Enrichment of endothelial cells. Kidney endothelial cells were enriched as described previously (21). Briefly, after euthanasia, kidneys from STINGiEKO, Stat1–/–, or control mice were minced into small pieces (~1 mm3) and digested with 5 mL of PBS containing calcium and magnesium plus 100 mg of type 1 collagenase and 100 mg dispase II for 10 minutes at 37°C. The slurry of tissue and buffer was triturated by passage through a 14-gauge cannula attached to a 10 mL syringe approximately 10 times, followed by a 20-gauge cannula attached to a 10 mL syringe (10 times), and finally filtered through a 70 μm cell strainer. After a wash with 5 mL of PBS + 0.1% BSA, single cell suspensions were centrifuged at 400 × g for 8 minutes at 4°C and pellets were resuspended with 1.5 mL of ice-cold PBS + 0.1% BSA. One aliquot (75 μL) per sample was lysed in Trizol to obtain whole kidney RNA. The remainder cell suspension was subjected to negative selection by incubating cells with 100 μL of streptavidin-conjugated Dynabeads bound to biotinylated EpCAM and biotinylated CD45 antibodies for 10 minutes at RT with rotation. Following this, tubes were placed on a Dynal MPC-S magnet for 5 minutes. Remaining cells in supernatants were subjected to positive selection by incubating cells with 100 μL of streptavidin-conjugated Dynabeads bound to biotinylated CD31 antibodies for 10 minutes at RT with rotation. Cells were collected with a magnet and the supernatant was discarded. Any remaining contaminating cells were removed by washing cells 6 times with PBS containing 0.1% BSA. RNA isolation of these cells was done following the RNeasy Plus Mini Kit (Qiagen) protocol.
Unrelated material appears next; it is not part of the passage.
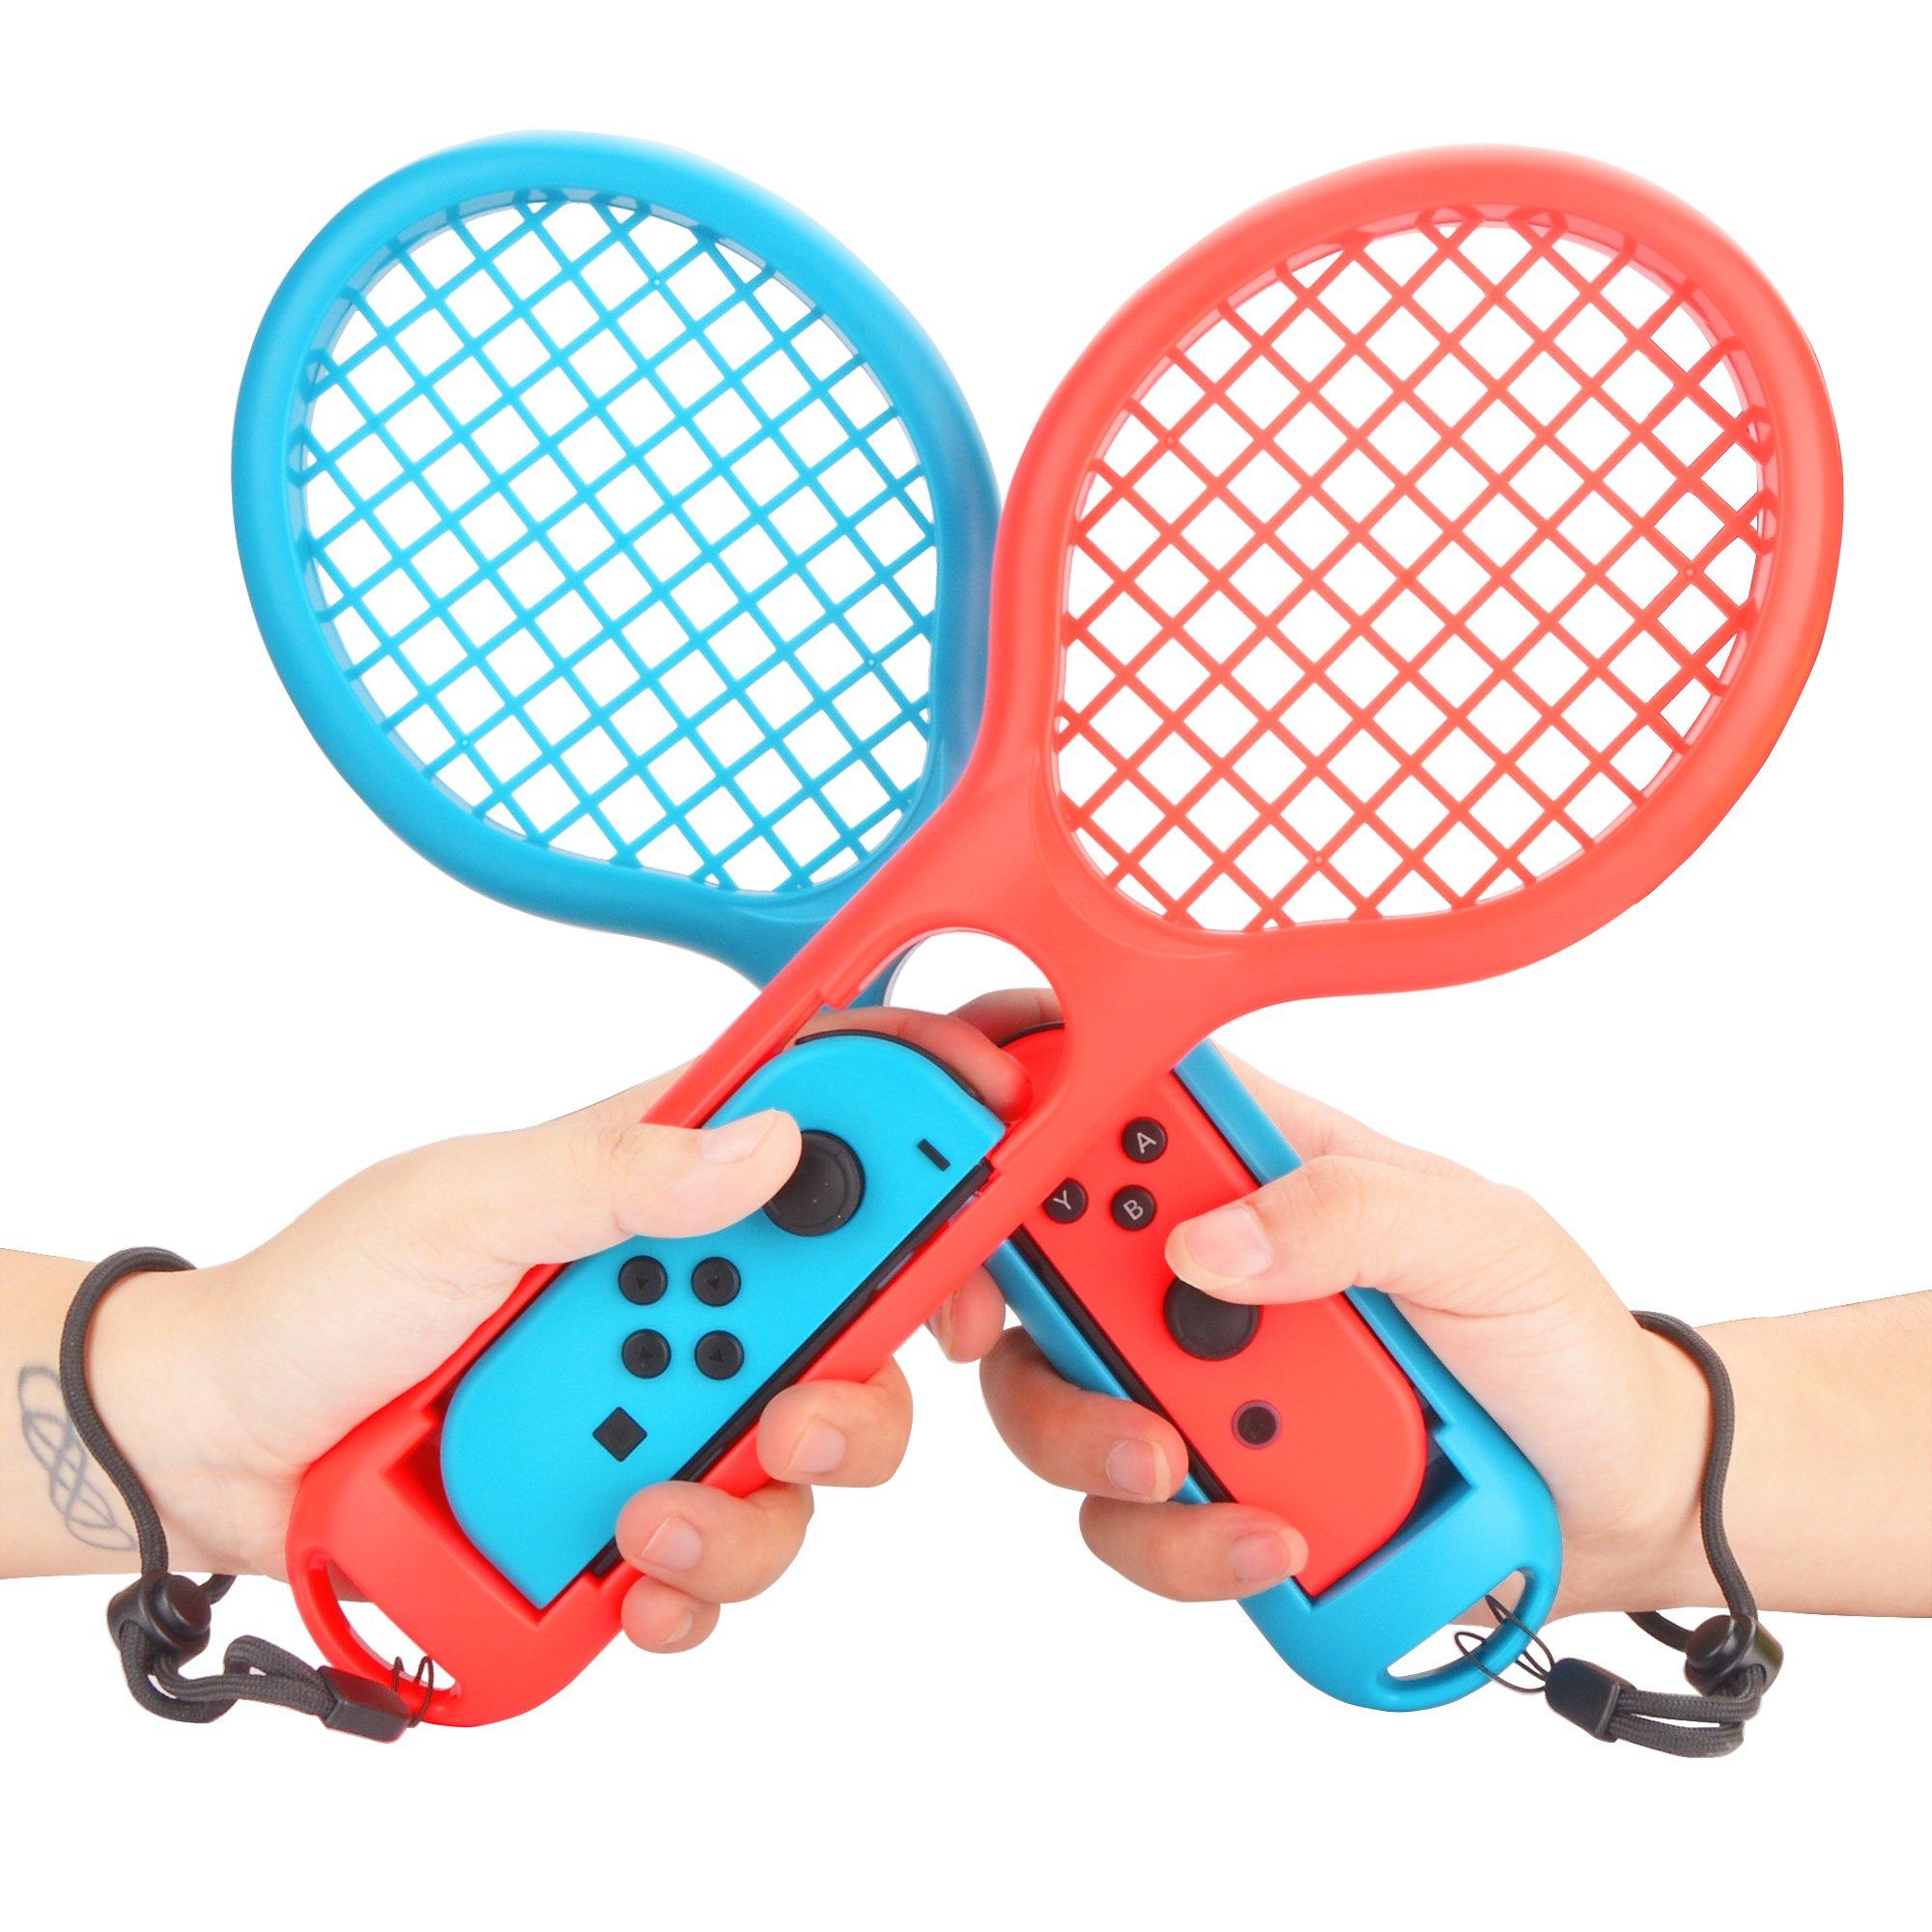 Raqueta de Tenis para Nintendo Switch - Raquetas de Tenis para Mandos Joy-con de Nintendo Switch Mario Tennis Aces Juego (1 Azul y 1 Roja): Amazon.es: Videojuegos

RNA sequencing and bioinformatics. SOCS3iEKO and control brain TRAP-Seq and bulk RNA-Seq was published recently (22) and deposited in NCBI’s Gene Expression Omnibus (GEO Series accession number GSE253438). 500 ng of total and TRAP RNA, or 50–200 ng of endothelial cell–enriched RNA from each kidney were processed for next-gen sequencing by Azenta Life Sciences. RNA-Seq libraries were prepared using Illumina’s TruSeq protocol and were sequenced on an Illumina NextSeq 500. Reads were aligned to the mm10 genome using Rsubread v1.5.3 (54). Data were deposited in NCBI’s Gene Expression Omnibus and are accessible through GEO Series accession numbers GSE277696 (SOCS3iEKO), GSE277816 (STINGiEKO), and GSE300619 (Stat1–/–). Gene counts were quantified by Entrez Gene IDs using featureCounts and Rsubread’s built-in annotation (55). Gene symbols were provided by NCBI gene annotation. Genes with count-per-million above 0.5 in at least 3 samples were kept in the analysis. Differential expression analysis was performed using edgeR (56) and limma-voom (57). GSEA (54, 58) was performed using GSEA v4.3.2 for Windows. Upstream analysis (enrichment in pathways and transcription factors) of each datasets was performed using the DecoupleR (59) package, the PROGENy model (58, 60), and the CollecTRI network. The full R code is provided as a Supplemental method.
Immunohistochemistry
Kidneys were fixed for 48 hours in 10% formalin and then stored in 70% EtOH prior to dehydration and embedding in paraffin. 5 μm thick sections were deparaffinized and rehydrated in sequential baths with xylene and ethanol. Endogenous peroxidase activity was blocked by incubation for 10 minutes at RT in 0.5% H2O2/MeOH. Antigen retrieval was performed in an EZ Retriever (BioGenex) for 15 minutes at 98°C in buffer. After washes with PBS, slides were blocked with 5% fetal bovine serum and then incubated with an anti CXCL10 antibody in PBS (1:20) overnight at 4°C. Slides were then washed in PBS and incubated with biotinylated anti rabbit secondary antibody 1:500 in PBS+5% fetal bovine serum for 1 hour at RT. Biotin was detected using Vector Lab’s ABC kit Elite and ImmPACT DAB as per manufacturer’s instructions. Slides were then counterstained with hematoxylin, dehydrated, and mounted with VectaMount. Stain controls lacking primary antibody did not show any detectable signal and are shown in Supplemental Figure 12.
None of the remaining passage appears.